Вот и все, что он мне рассказал.
Иногда я размышляю над этой историей. Она из тех, чей смысл я никак не могу понять. Я размышлял над ней, когда мы уезжали из Скагена, чтобы на следующее утро вернуть автомобиль, который мы взяли напрокат в аэропорту Ольборга. Размышлял сегодня, пока шел от остановки автобуса к нашему дому. И все же я чувствую, как история эта начинает медленно, неотвратимо расплываться в мареве обманной памяти. Потому я ее и записал, хотя, делая это, понимал, что всего лишь сооружаю новый обман, пусть и более искусный. Достигает ли любое повествование хоть какой-нибудь цели? Я думаю и об этом тоже. Быть может, спрашиваю я себя, вся наша жизнь сводится к шести или семи выпадающим нам за ее срок редким мгновениям и потуги наши проследить какую-либо связь между ними пусты? И не одни ли эти мгновения не только достойны того, чтобы «облечь их в слова», но и так насыщены чувством, что растягиваются, становятся вневременными, подобными тому, в которое Ингер с Эмилем сидели на скамье розария и улыбались в камеру, или тому, когда мать Ингер подняла венецианские жалюзи до самого верха высокого окна ее гостиной, или тому, в которое Малкольм открыл коробочку с обручальным кольцом и попросил мою сестру выйти за него замуж? Если он успел это сделать.

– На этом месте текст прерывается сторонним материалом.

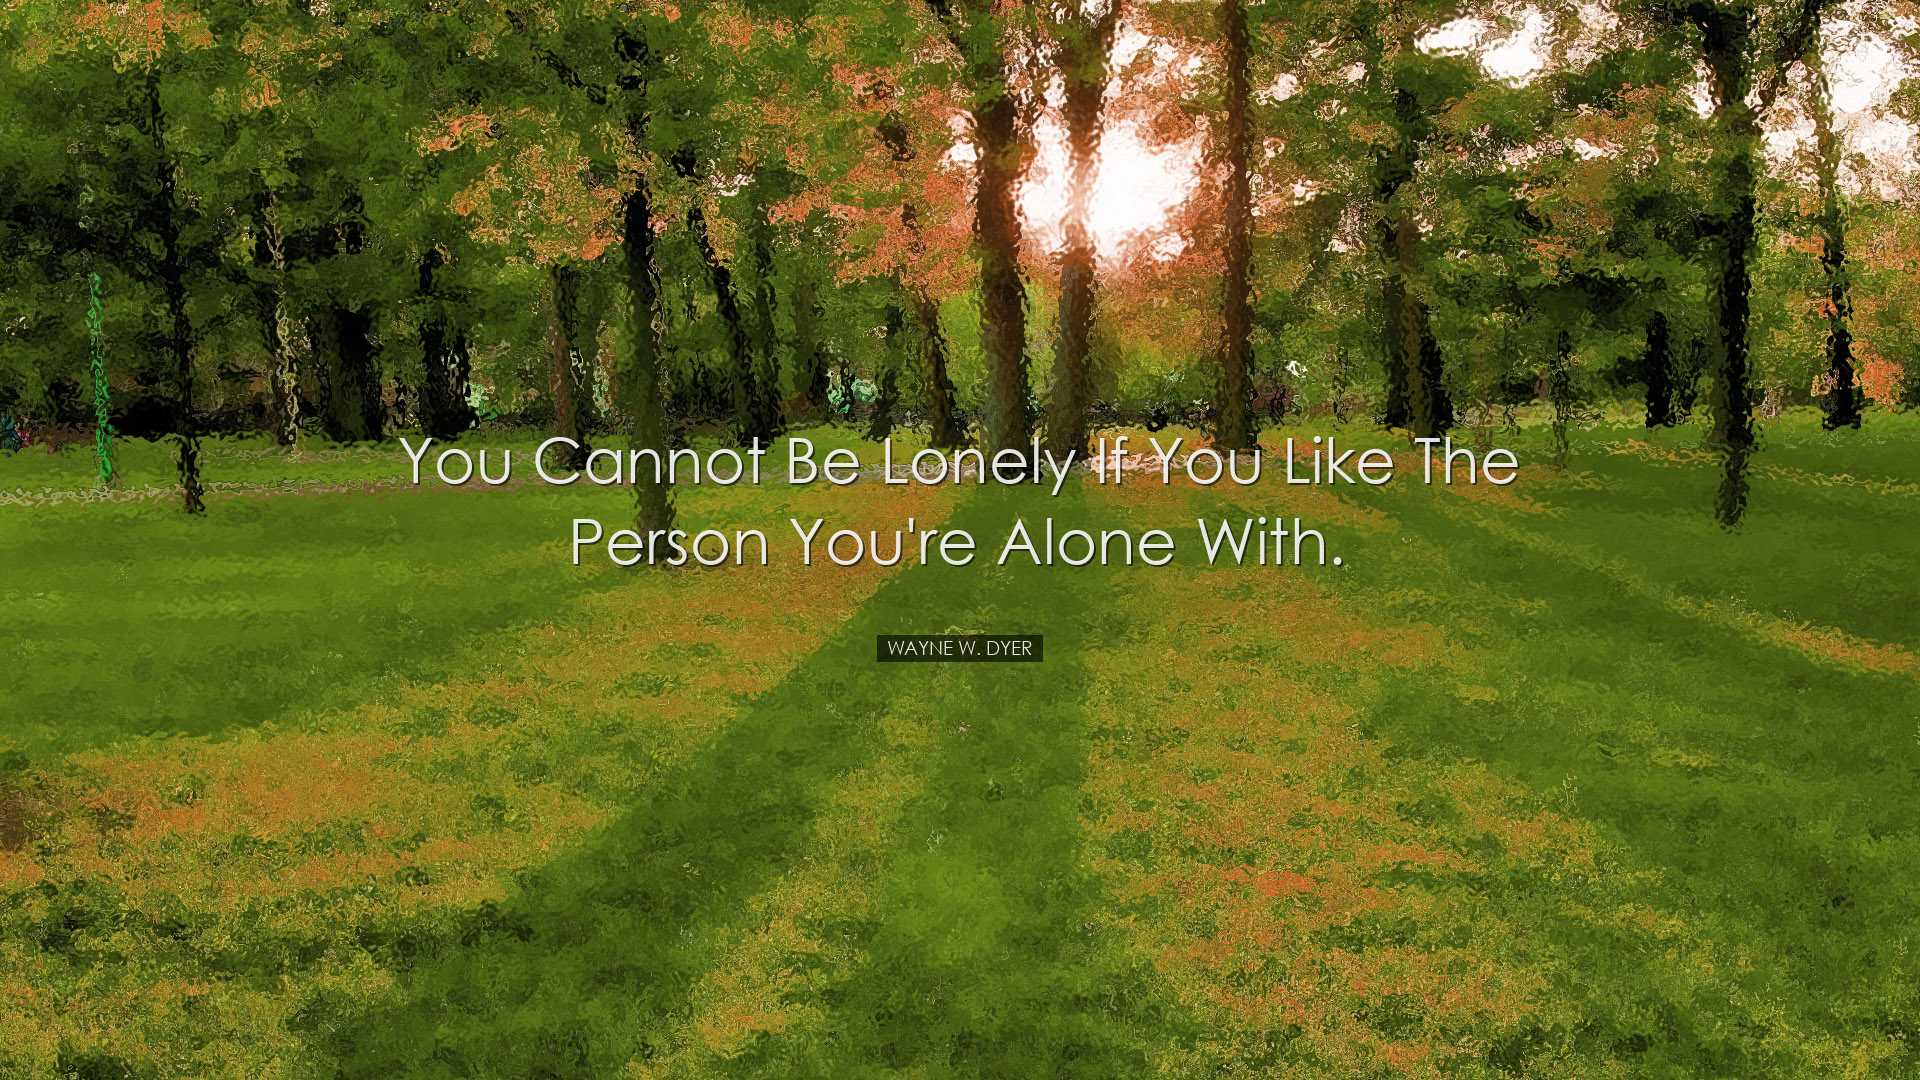 You cannot be lonely if you like the person you're alone with. - W

…Ярчайшим из моих воспоминаний оказывается увиденный нами свет, это небо живописцев, серо-голубое, точно глаза Марии и ее внуков, небо цвета никогда не утихающей боли…

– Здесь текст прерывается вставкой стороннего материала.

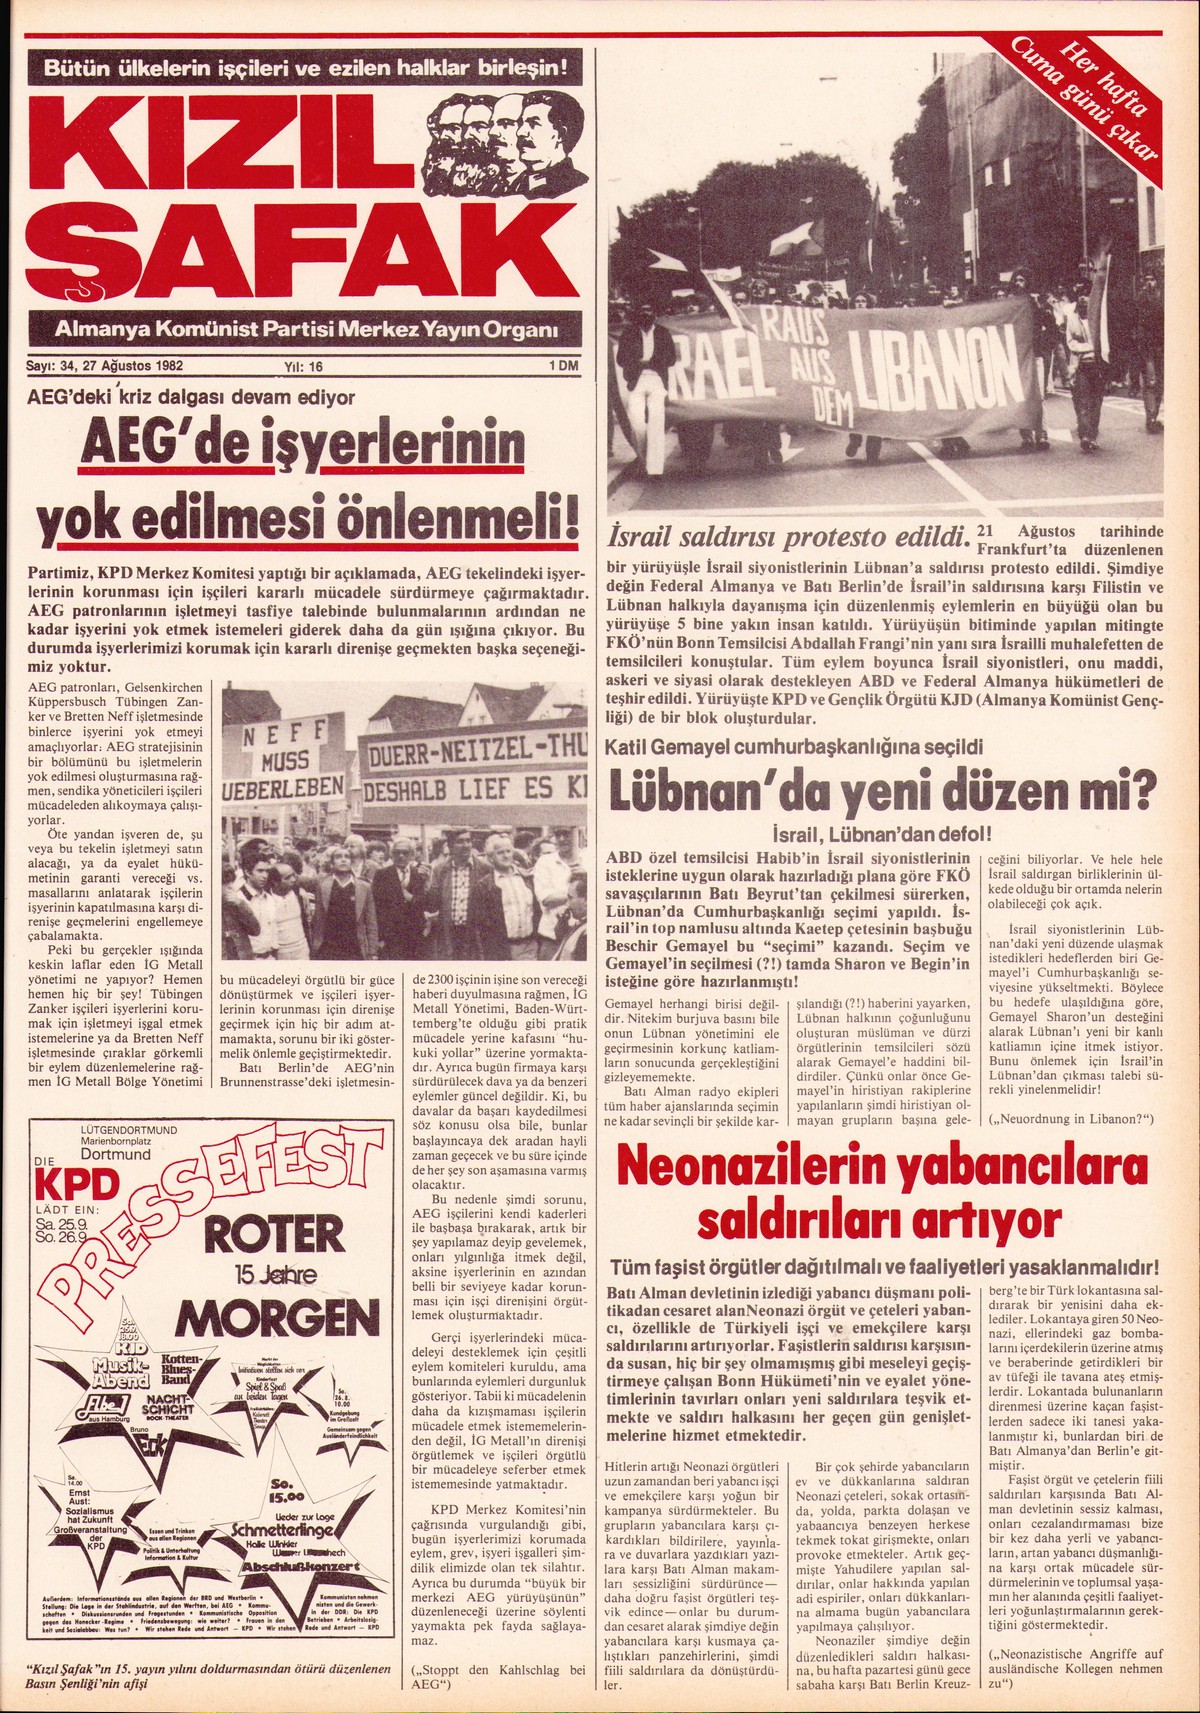 Roter Morgen, 16. Jg., 27. August 1982, Nr. 34, Seite 14

(Неопубликованный рассказ, в 2002 году найденный среди бумаг Бенжамена Тракаллея его племянницей Софи. Куда более короткий вариант его получил в 1976-м «Приз Маршалла» на проводившемся в школе «Кинг-Уильямс» авторском конкурсе. Жюри: мистер Наттолл, мистер Серкис, директор школы.)
2
По окончании урока истории искусств мистер Слив отвел Филипа в сторонку.
— К субботе все готово? — спросил он, кладя, словно бы ненароком, ладонь Филипу на плечо.

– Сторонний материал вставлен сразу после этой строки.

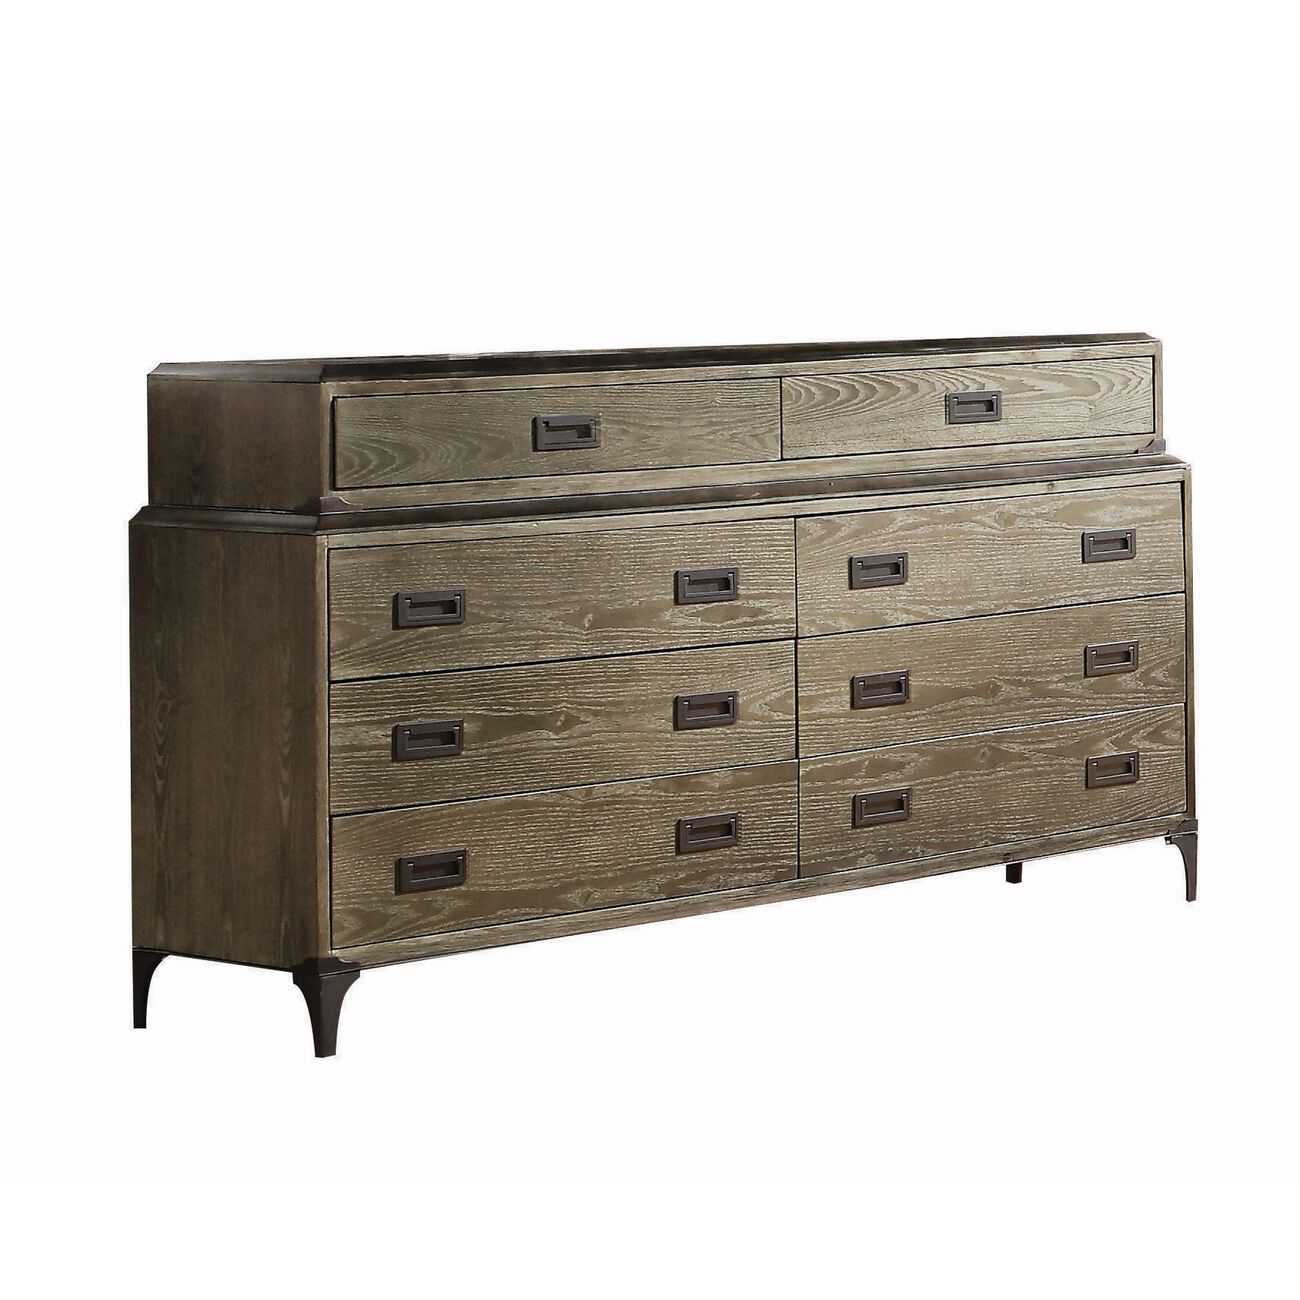 8 Drawer Wooden Dresser with Flush Mount Pulls and Metal Legs, Brown

В субботу два класса мистера Слива, выпускной и предвыпускной, должны были отправиться на экскурсию в Лондон, чтобы посетить открывшуюся в галерее Тейт выставку Джорджа Стаббса.[17]
— Конечно, — ответил Филип.
— Хорошо. Уверен, то, что вы увидите, станет для вас откровением. И даже прозрением, если я вправе употребить слово столь сильное.
— Да, — сказал Филип. — Мне не терпится там побывать.
Он не вполне понимал смысл этого разговора, к тому же ему нужно было поспеть на следующий урок.
— Ваша матушка, — неожиданно, с подобием нервной нежности в голосе, произнес мистер Слив, — надеюсь, она в добром здравии?
— Да, да. В самом что ни на есть.
— Хорошо. Это очень хорошо. В таком случае я хотел бы… — Он как будто поколебался немного, порылся, отыскивая что-то, в своем кейсе, снова поколебался, прежде чем вытащить найденное, и наконец протянул Филипу белый конверт с написанным барочным, тонким почерком именем его матери: — Хотел узнать, не будете ли вы против — вернее, будете ли вы не против, следовало сказать мне, — того, чтобы передать ей это маленькое… э-э… послание. Записочка, не более того, совершенно невинная по содержанию и сути.
— Это для моей матери? — переспросил Филип.
— Образцовое резюме.
Филип взглянул на конверт. Вид его свидетельствовал лишь об одном: мистер Слив желает, чтобы Филип передал матери его личное послание. Филип сунул письмо в карман.
— Хорошо, — сказал он и ушел.
До самого конца коридора, где он повернул за угол, Филип чувствовал сверлящий ему спину взгляд мистера Слива.
Эрик Клэптон стоял на сцене «Одеон Нью-Стрит», глаза его были почти закрыты, левая рука лежала высоко на грифе гитары. Он исполнял какое-то соло, держа ноту на второй струне. Может быть, «Осиротевшие дети»?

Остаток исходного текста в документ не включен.